##### Data shown

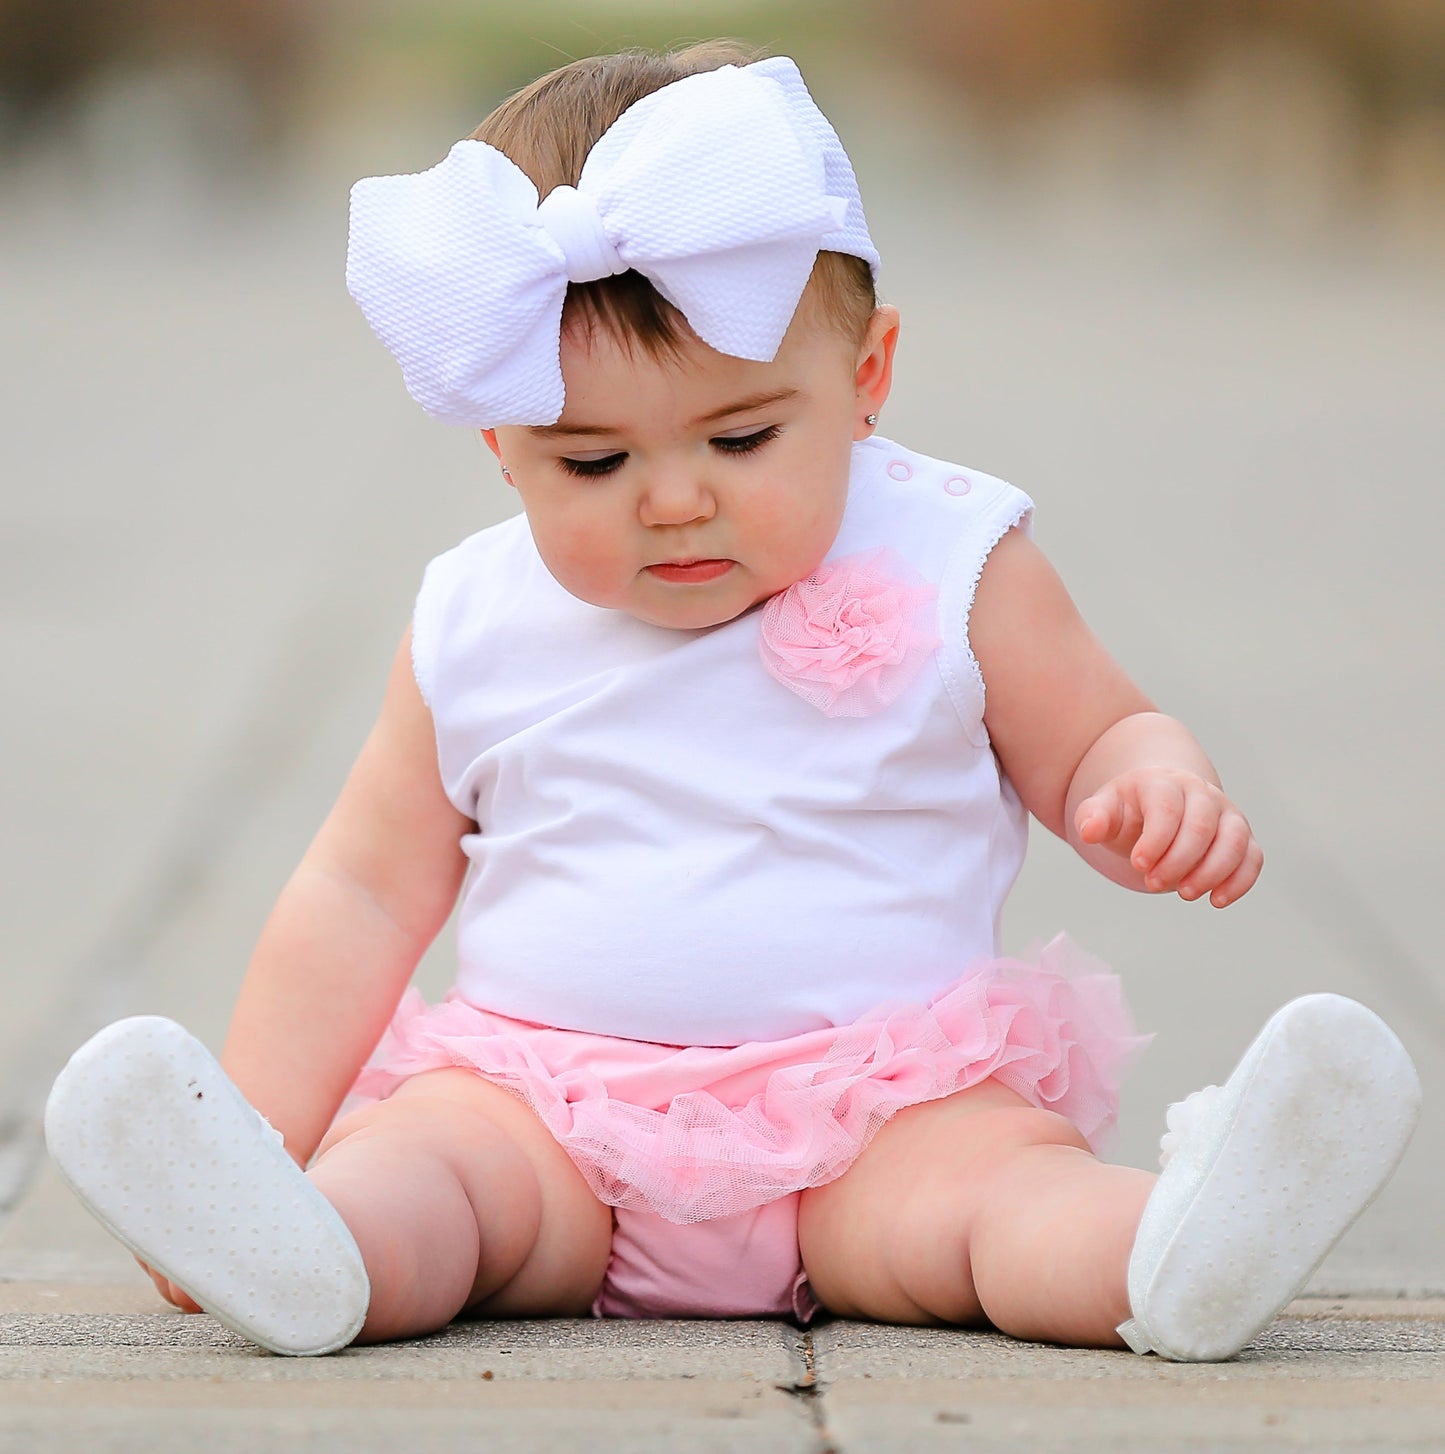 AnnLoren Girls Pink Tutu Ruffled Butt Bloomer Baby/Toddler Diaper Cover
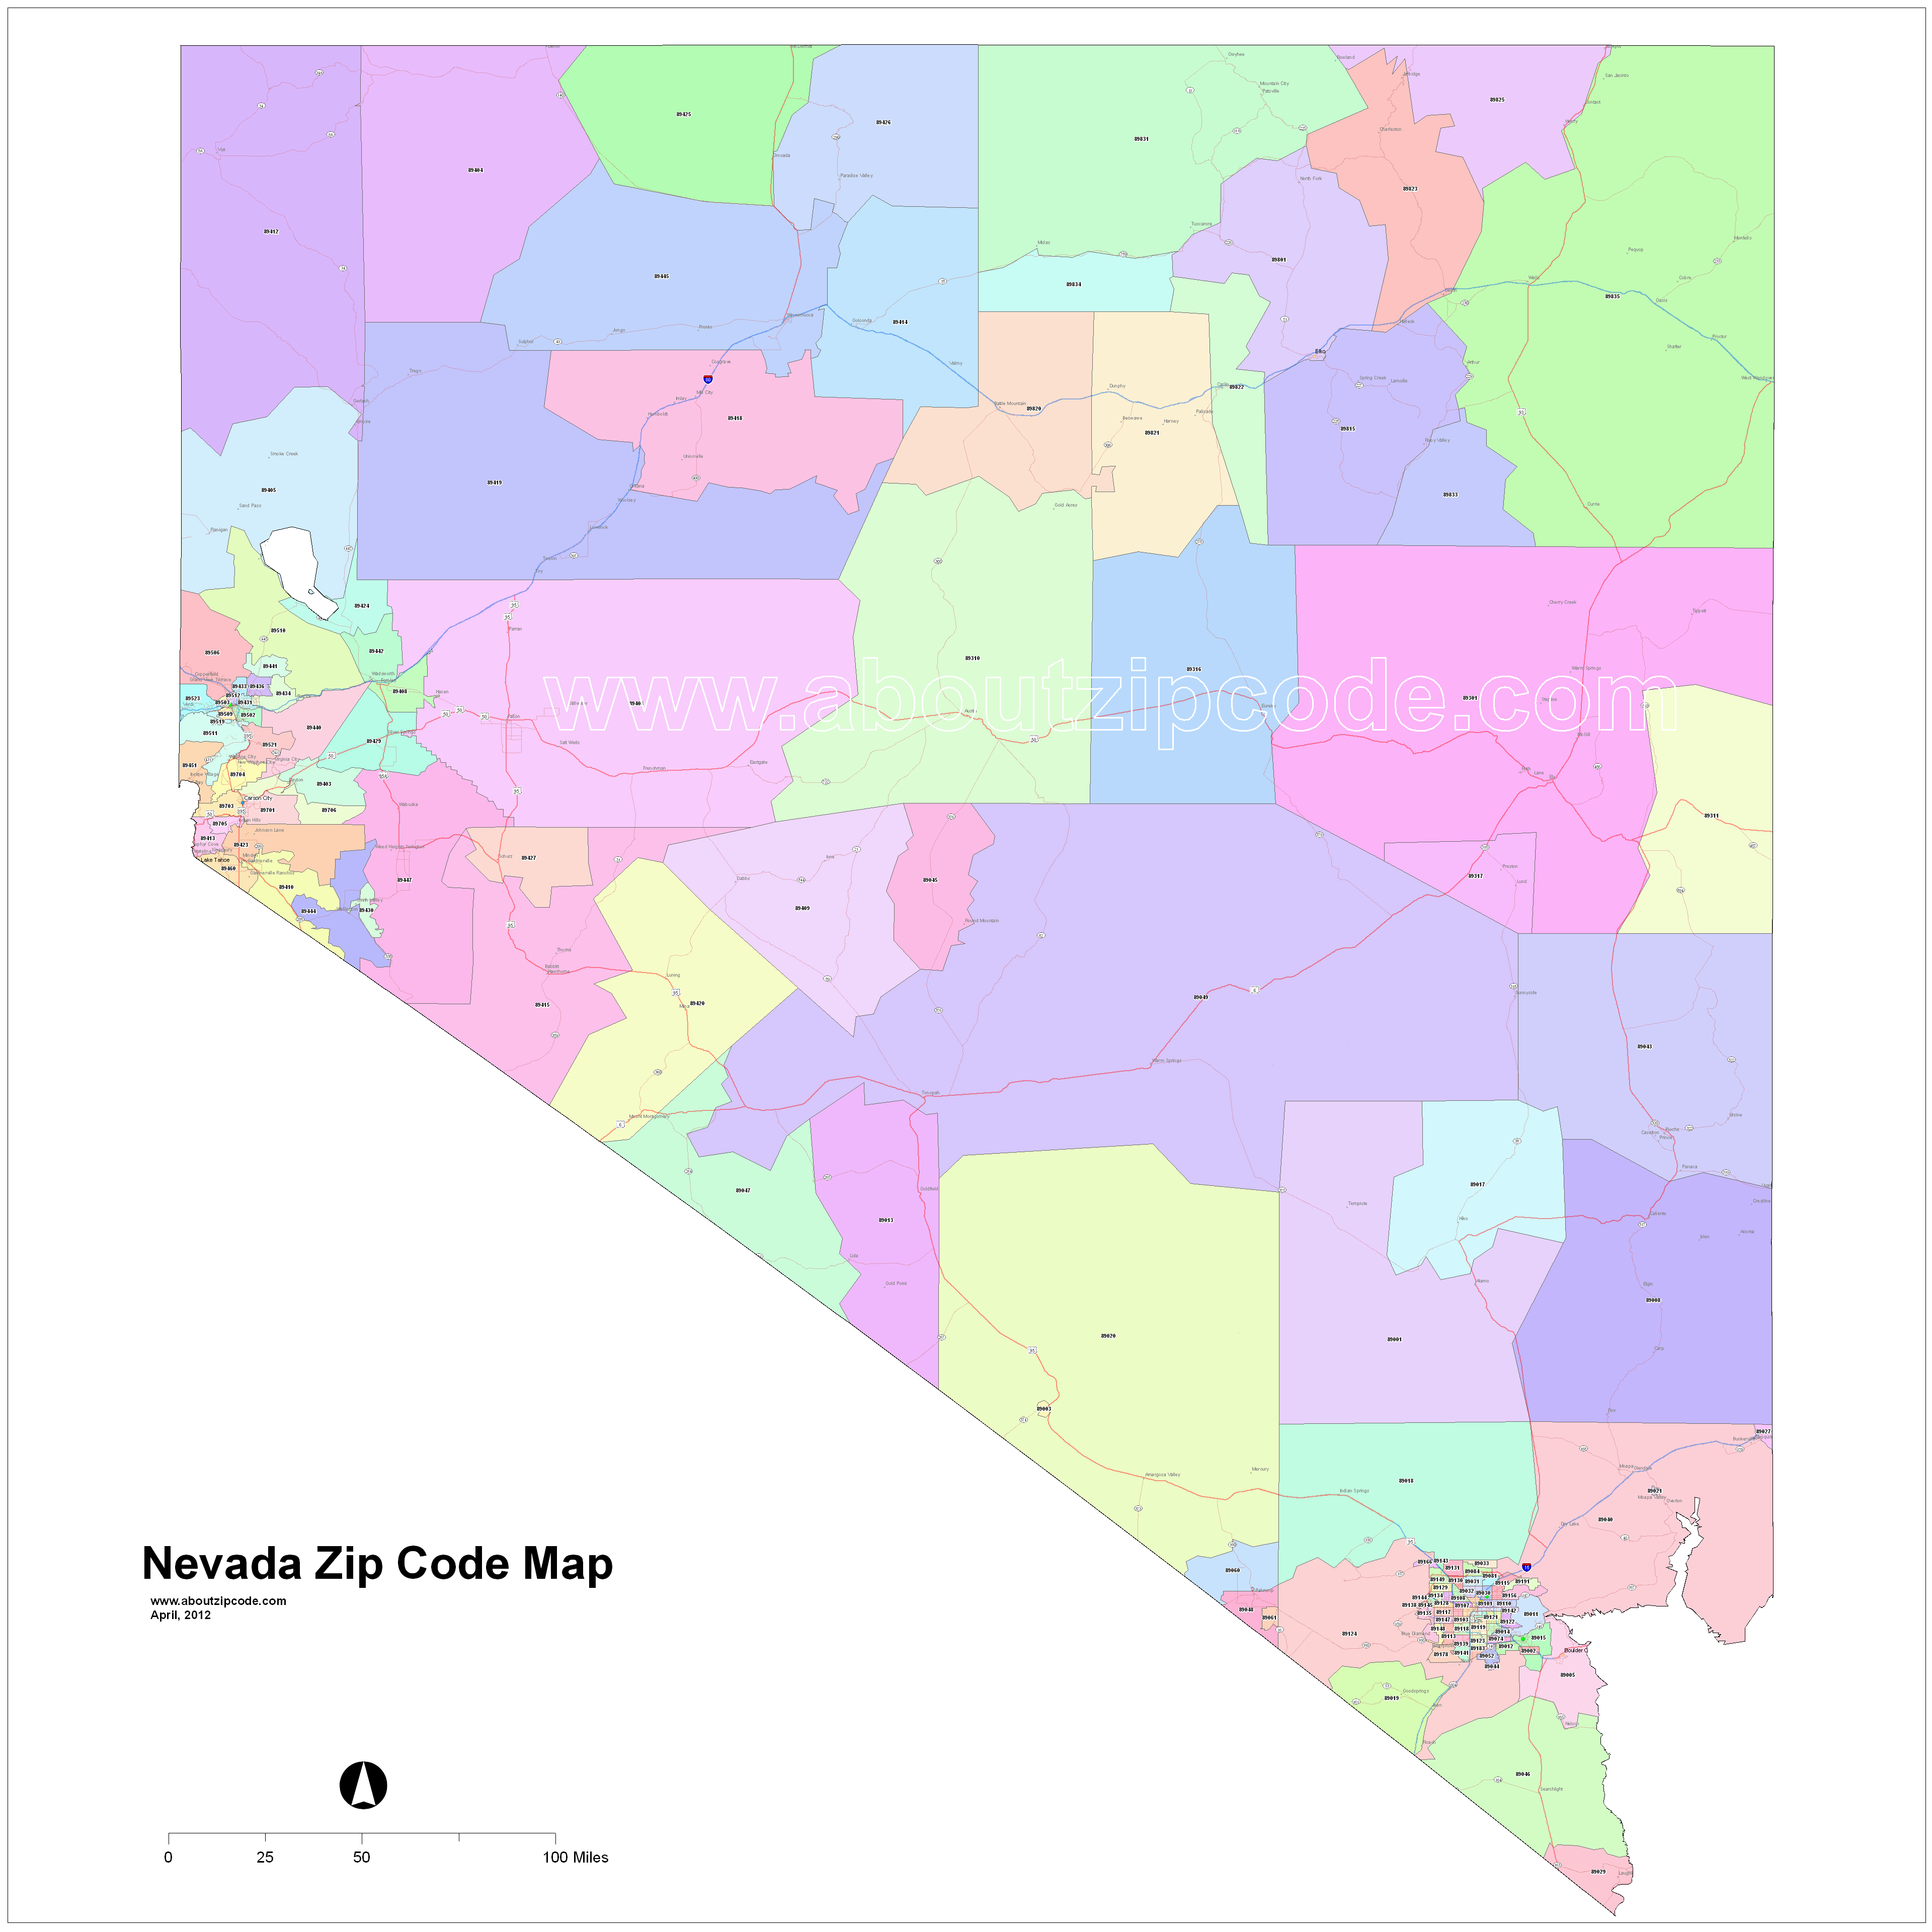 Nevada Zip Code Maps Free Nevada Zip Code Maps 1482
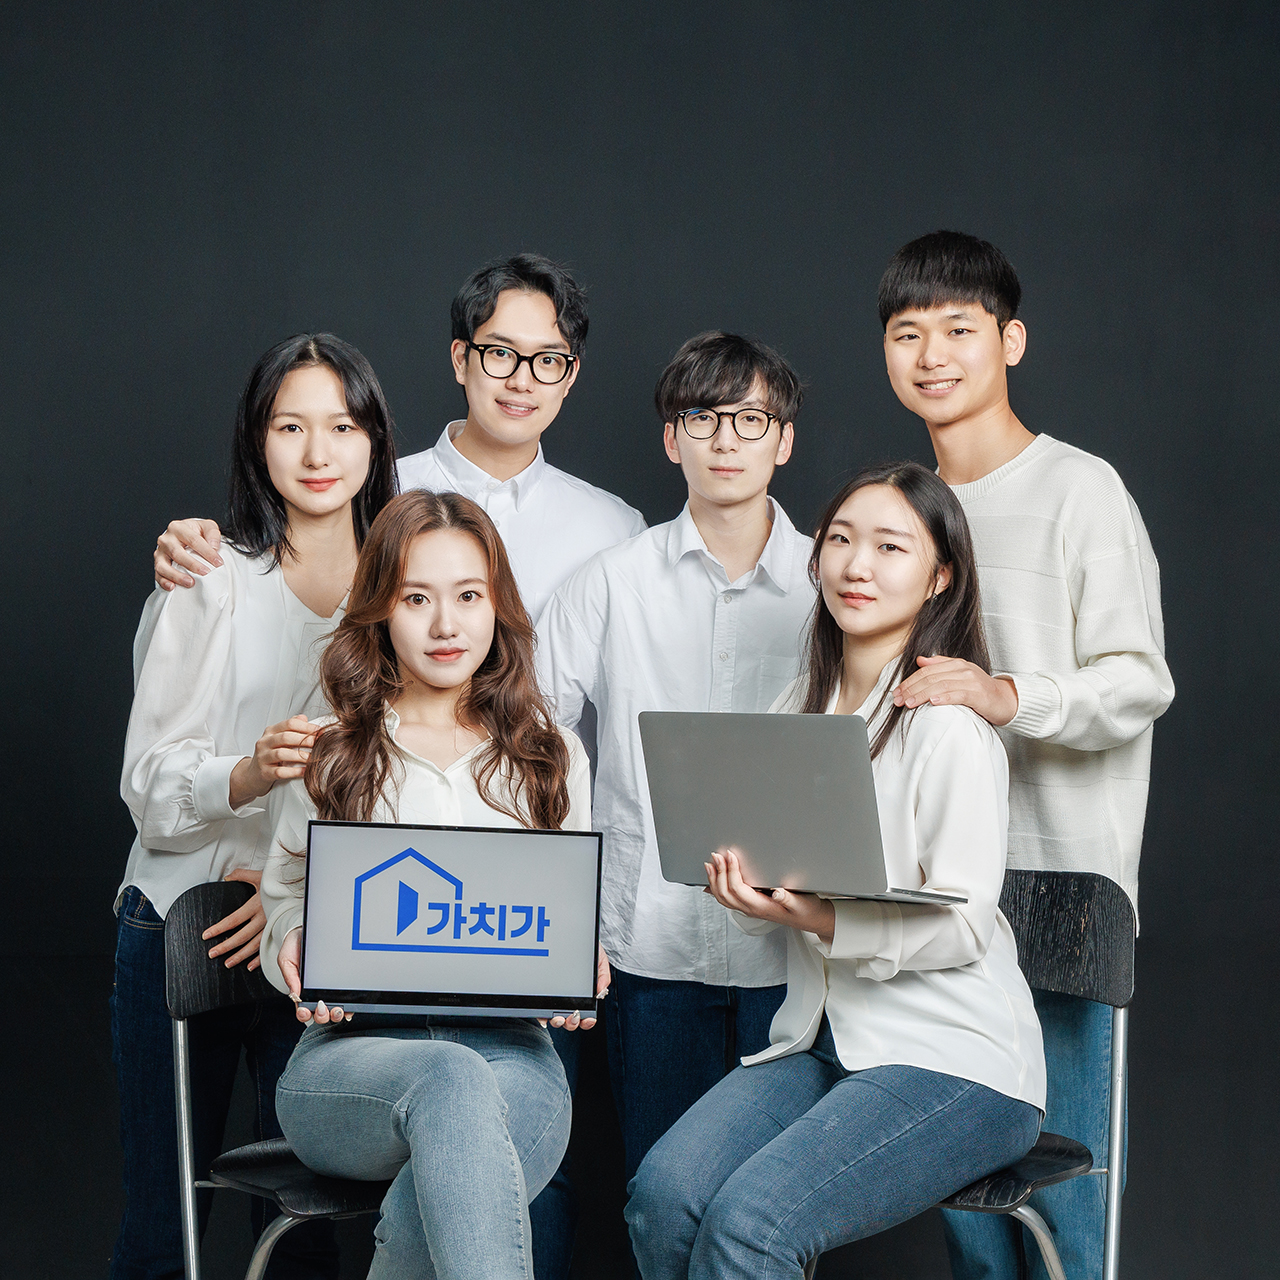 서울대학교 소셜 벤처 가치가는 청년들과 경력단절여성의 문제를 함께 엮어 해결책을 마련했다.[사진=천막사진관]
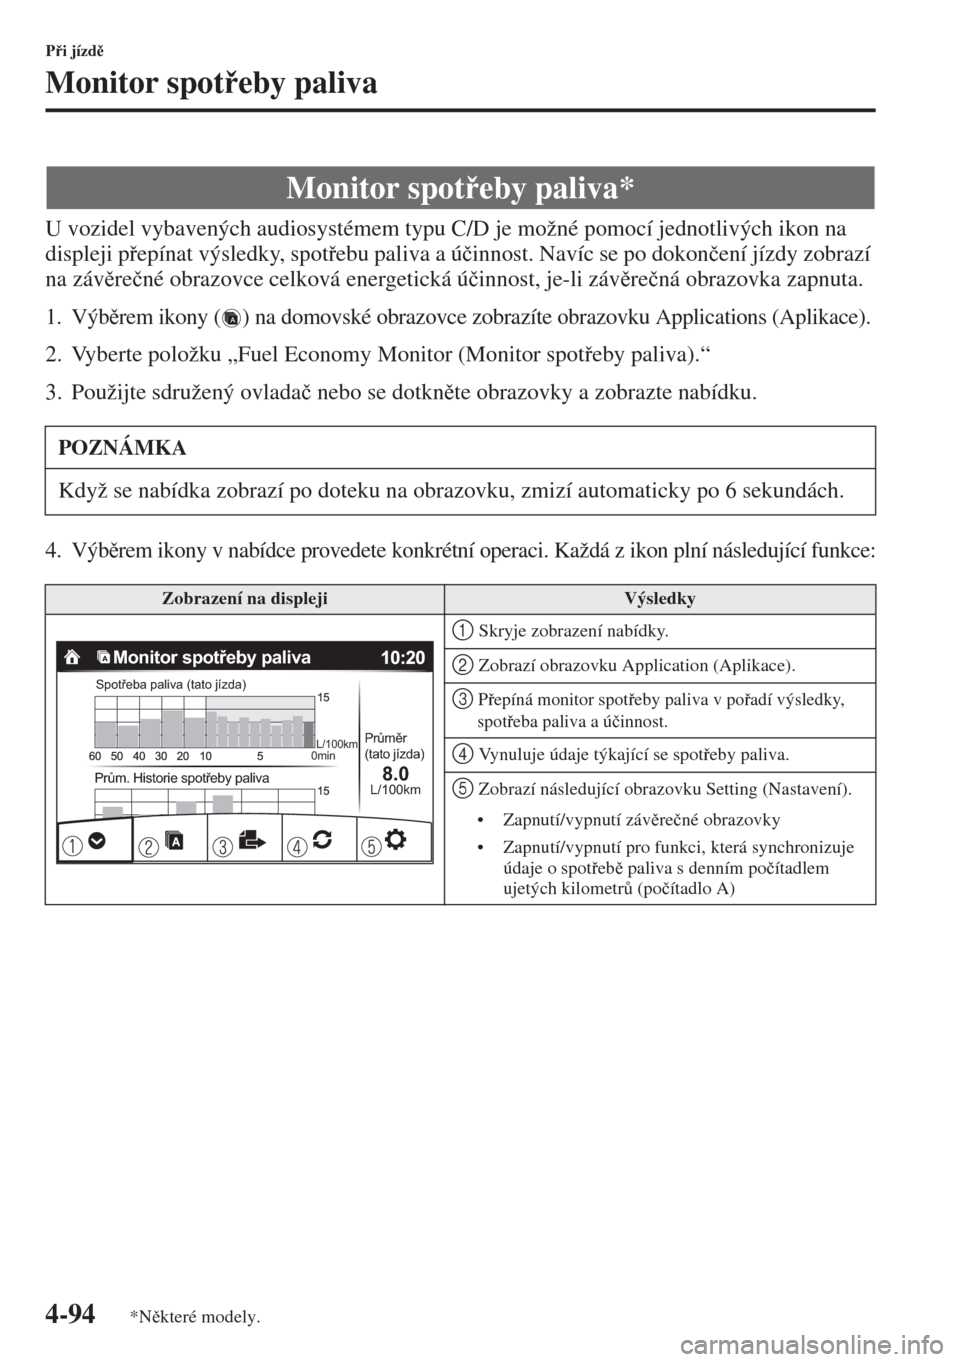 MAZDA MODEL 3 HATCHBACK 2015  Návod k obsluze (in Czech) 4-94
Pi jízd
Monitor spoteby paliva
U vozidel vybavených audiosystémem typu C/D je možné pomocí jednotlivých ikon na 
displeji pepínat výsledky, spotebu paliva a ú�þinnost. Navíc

##########

Work to complete » Could you work out how many lines above contain the string "spot"? Answer with the number only.

Completed task » 2